Codependency is a learned behavior that usually comes from their past behavioral patterns and emotional problems. It was once thought to be a result of growing up with an addict parent.
Professionals now say codependency can result from a range of issues.
Damaging Parental Relationships:
Substance addicted parents at many times prioritize their needs over their children’s. This very serious issue may cause the children to become codependent as adults.
Adults who are codependent may often had problems with their parental relationship as a child or teenager.
These children and teens may have been taught that their own needs were less important than their parents’ needs, or not important at all.
In these types of dysfunctional families, children may have been taught to focus on their parent’s needs and to never think of their own needs.
Very needy parents may teach their children that: if the kids want anything for themselves they are selfish or greedy.
As a result, these children learn to forget their own needs and think only of what they can do for others.
In these horrible situations, one of the parents:
- Maybe addicted to alcohol or drugs.
- Very young parents, “Kids having kids”, or just a lack of maturity and emotional development, that has resulted in their own self-centered needs and wants.
These horrible situations may cause gaps in the emotional development of children, leading them to find codependent relationships as adults.
Growing Up With a Mentally or Physically Ill Family Member:
Codependency may be a result of caring for a person who is chronically ill for a long time, or being in the role of caregiver for a long time, especially starting at a young age, this situation may result in Children neglecting their own needs and growing up with a habit of only helping others.
In some situations a person’s self-worth may come form and around being needed by others and getting nothing in return.
Not all people who live with an ill family member develop codependency. But, it can happen, if a parent or a primary caretaker in the family displays the dysfunctional behaviors as listed above.
Abusive Family Dynamics:
Sexual abuse, physical, and emotional abuse will cause psychological problems that can last years or even an entire lifetime. One of the many problems that can arise from past trauma is codependency.
A child or teenager who is abused will learn to hide their pain as a defense mechanism against the abuse. This learned behavior can result in caring only about another’s feelings and not acknowledging their own needs, as an adult.
Sometimes an individual who is abused as a child or teen will look for abusive relationships later in life, because they are only familiar with this type of abusive relationship. This will often result in an codependent relationships.
Treatment of Codependency:
In individual or group therapy could be more helpful than couples therapy, because it can help the codependent person find their own feelings and actions as a separate and outside of the codependent relationship.
These Are Some Things that May Help Toward Having a Positive, Balanced Relationship:
- Person in a codependent relationships might need to take steps to find some personal time in the relationship. They may need to explore and find a hobby or an activity that they may find enjoyable outside of the codependent relationship.
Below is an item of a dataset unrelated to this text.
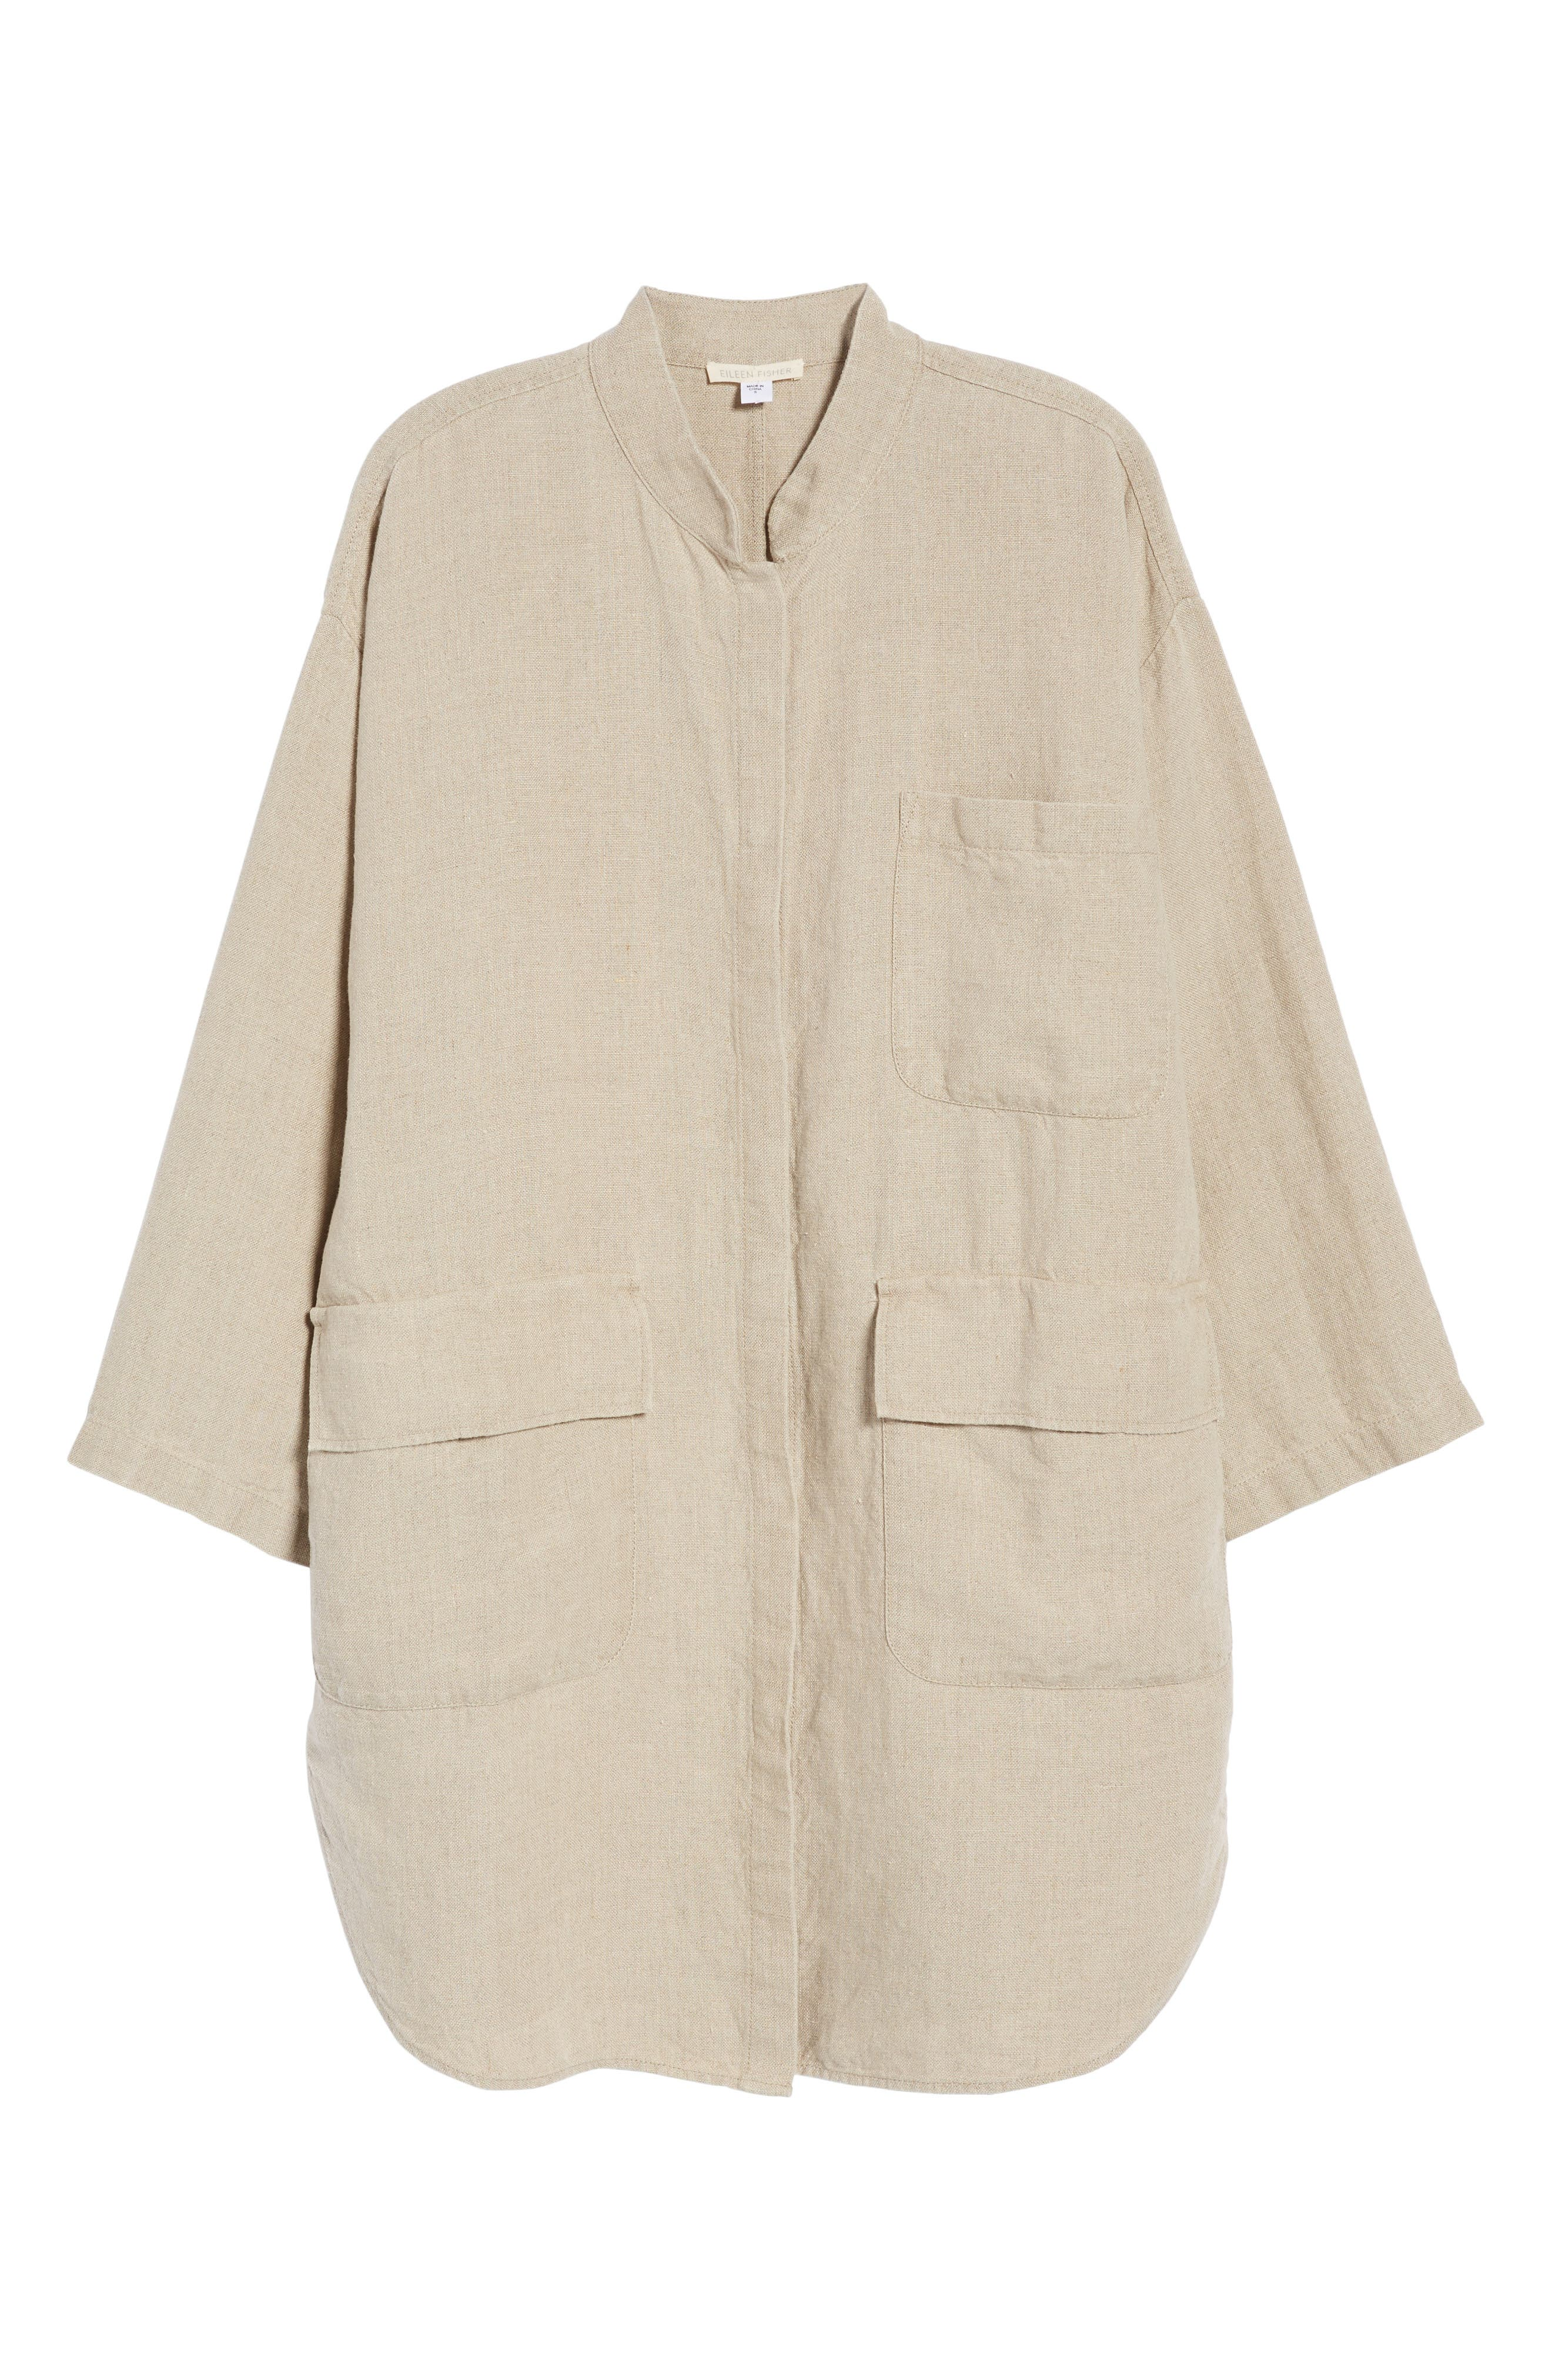 Organic Linen Jacket,                             Alternate thumbnail 7, color,                             Undyed Natural

- A codependent individual may try to spend more time with supportive friends and family members.
- The enabler must realize the fact that they are damaging their codependent partner by allowing them to make extreme sacrifices for them.
Both, individual or group therapy can be very helpful for people who are codependent or in a codependent relationships. A professional can help them dig down inside and express their feelings that may have been buried since their childhood.
Persons who are or were victims of abuse will need to accept their past abuse and begin to feel their own needs and emotions again. Self care is what all humans must do for themselves.
Finally, both sides in a codependent relationship must learn to accept specific trends of behavior, such as “the urge of needing to be needed at any cost” and expecting the other person to plan their whole entire life around them.